Tuscawilla Plantation was a large forced-labor farm growing cotton on 3000 acre located in eastern Leon County, Florida, United States established by George W. Parkhill.

== Location ==
Tuscawilla Plantation bordered the northern tip of the south tract of Chemonie Plantation. Today, the land that was Tuscawilla is now the neighborhoods east of Chaires Cross Road and the north and south sides of Buck Lake Road, much of Baum Road, north and south sides of I-10, including Heartwood Hills, Tung Grove Road, Pennewaw Trace, and Bexhill Lane.

== Plantation specifics ==
The Leon County Florida 1860 Agricultural Census shows that the William Bailey Plantation had the following:
- Improved Land: 1500 acre
- Unimproved Land: 1500 acre
- Cash value of plantation: $36,000
- Cash value of farm implements/machinery: $1500
- Cash value of farm animals: $10,000
- Number of slaves: 172
- Bushels of corn: 3000
- Bales of cotton: 200

== The owner ==
John Parkhill was a physician by trade and a native of Ireland and left Richmond, Virginia on April 15, 1827, with his brother-in-law William Copland in a stagecoach headed south.

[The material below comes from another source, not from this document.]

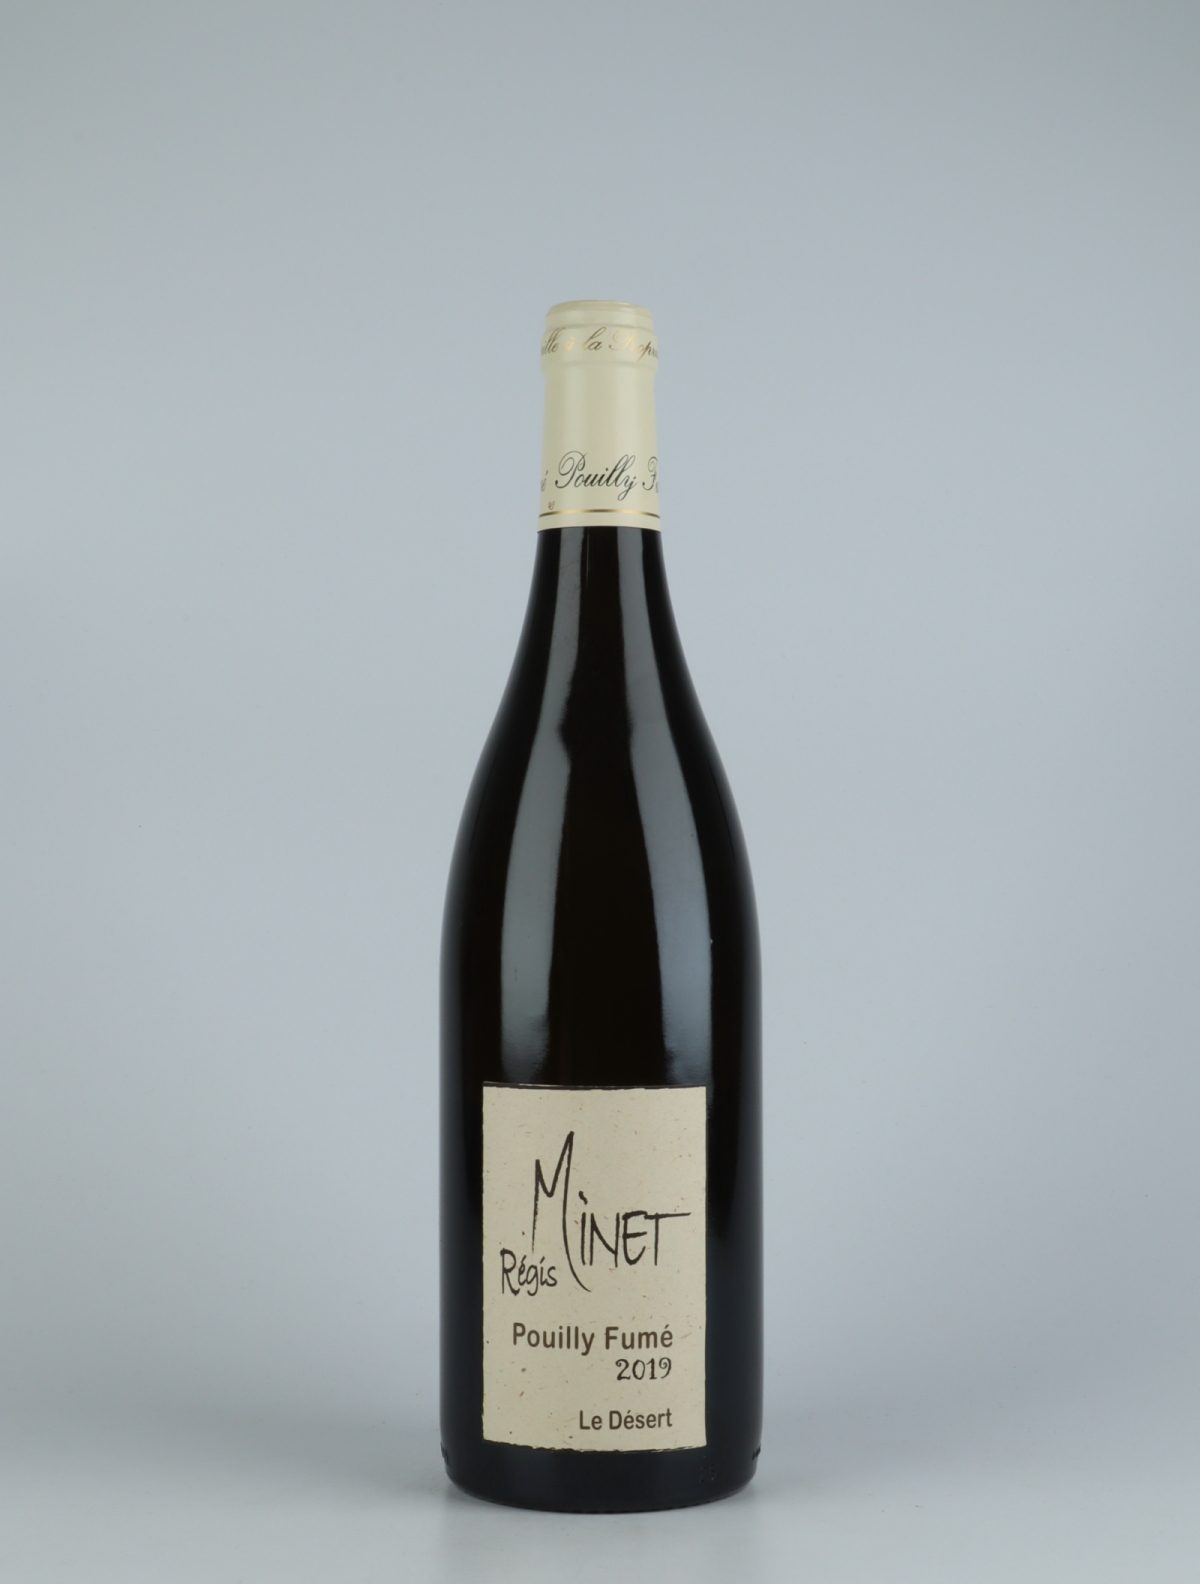 A bottle 2019 Pouilly Fumé - Le Desert White wine from Régis Minet, Loire in France

Parkhill left his wife and 2-year-old son behind. Parkhill and Copland headed to Florida to examine and purchase land. Parkhill worked as a postmaster and banker in Tallahassee.

Parkhill joined the Confederate Army August 20, 1861 as a captain and died at the Seven Days Battle near Gaines' farm and Richmond, Virginia between June 25, 1862, and July 1, 1862.